What needs to be done:
Reproduce everything from the line that contains "DTM Snare 6 オリジナル音源の未再生の波形" down to the line that contains "RUT & CIRCLE LEO MESH DRESS - BLUE" in the listing below, word for word and nothing more. Leave the pictures out.

BEGIN Study material

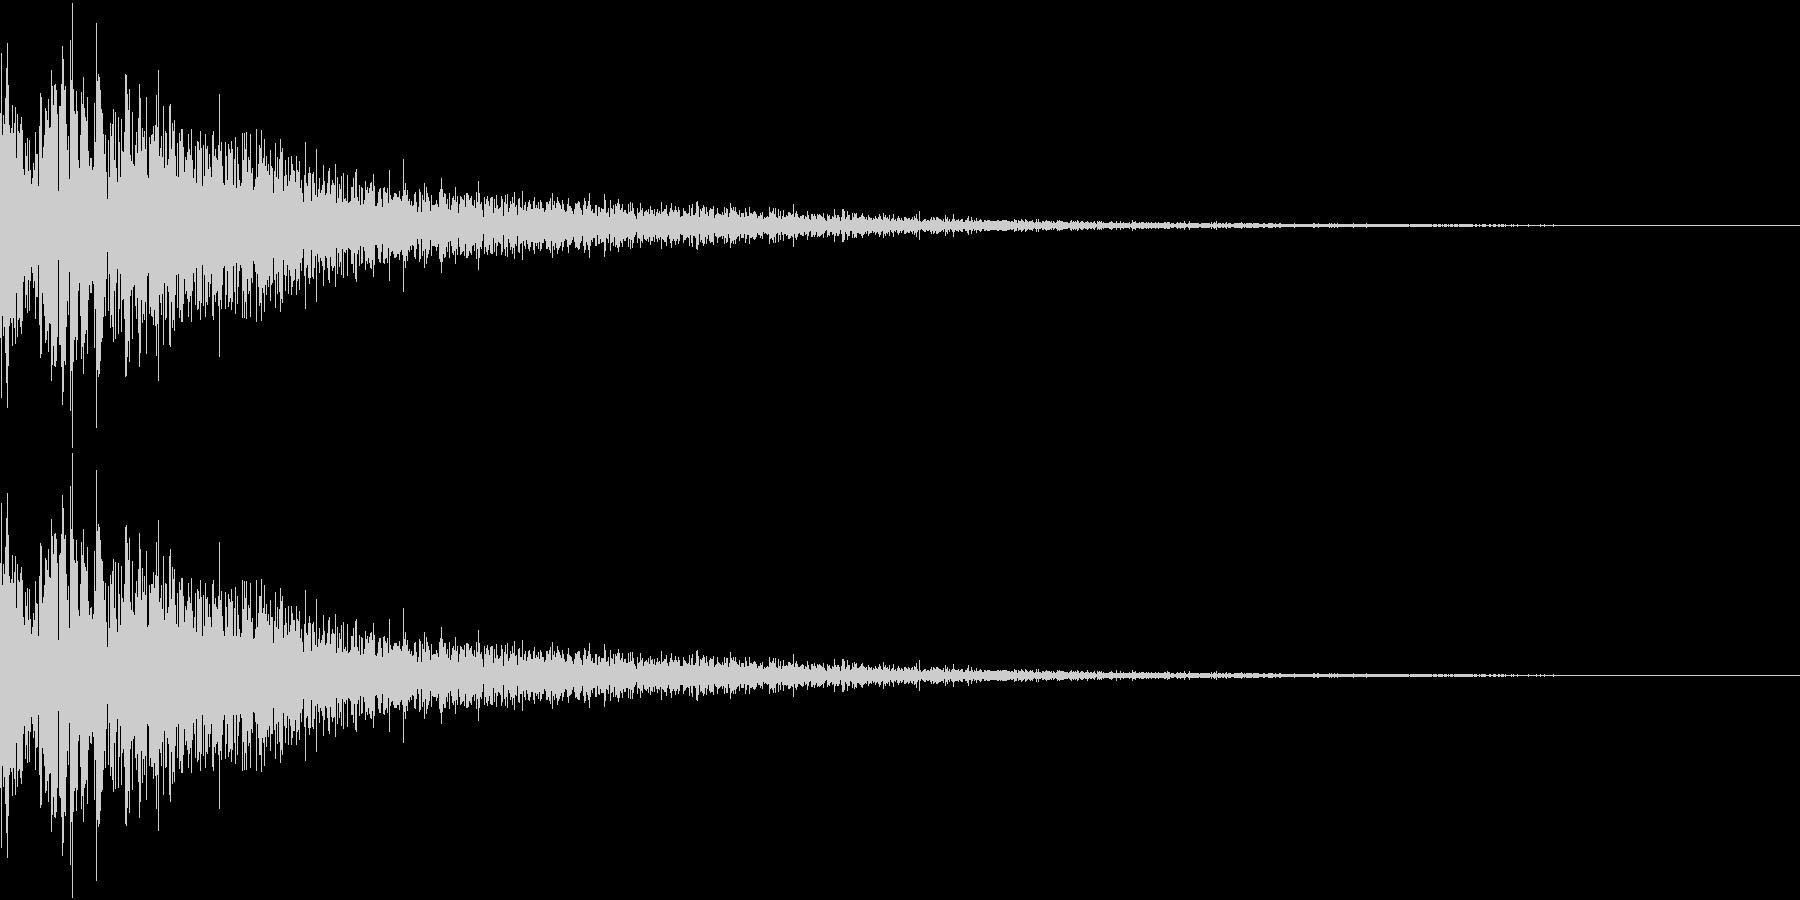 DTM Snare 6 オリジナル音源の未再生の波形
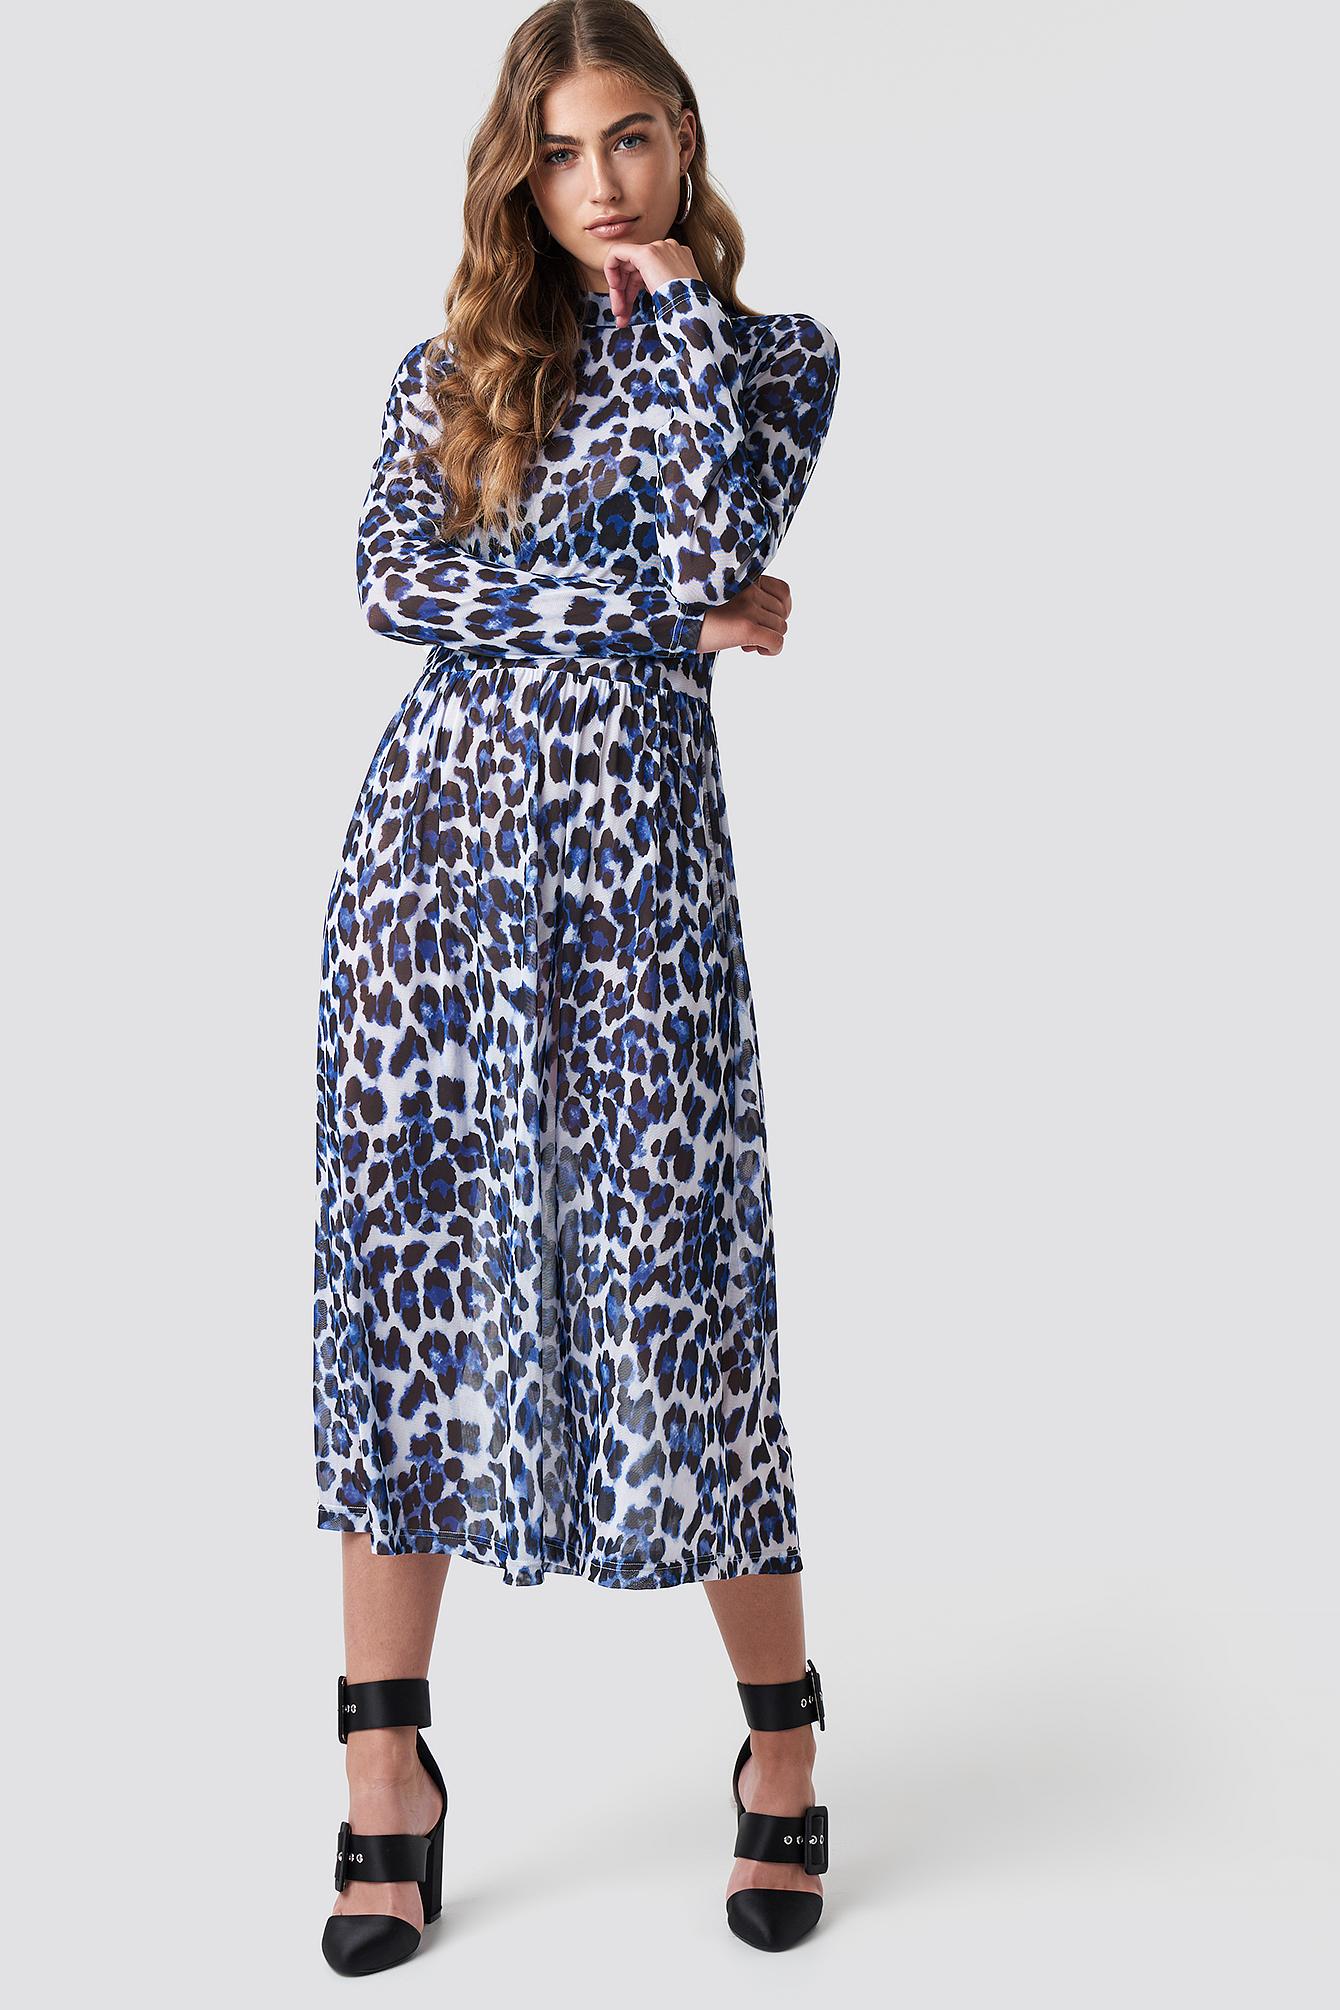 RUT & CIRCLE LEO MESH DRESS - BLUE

END Study material
BEGIN Study material

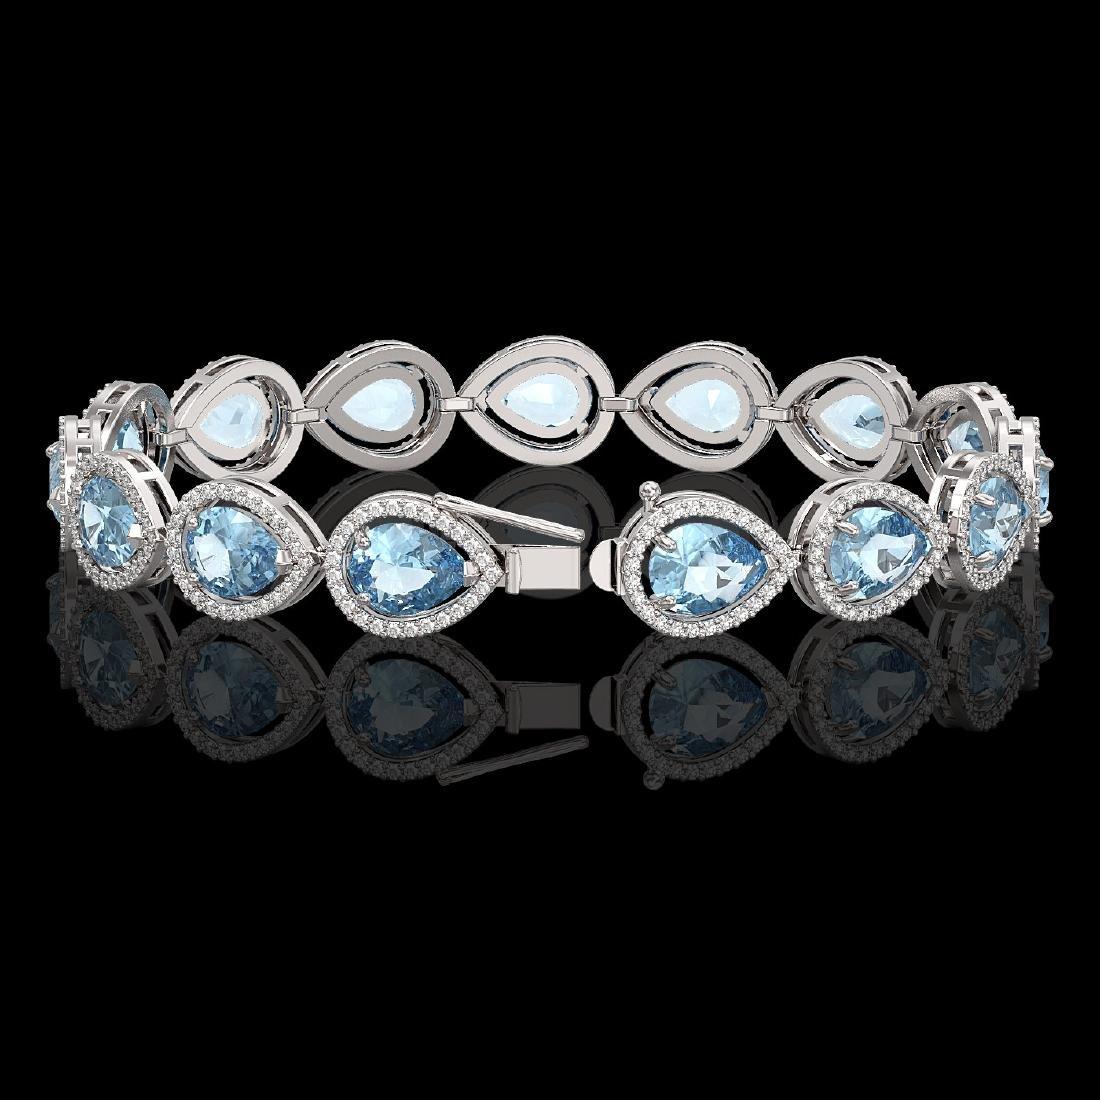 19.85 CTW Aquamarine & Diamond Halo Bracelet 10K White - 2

END Study material

Task output:
 DTM Snare 6 オリジナル音源の未再生の波形
 RUT & CIRCLE LEO MESH DRESS - BLUE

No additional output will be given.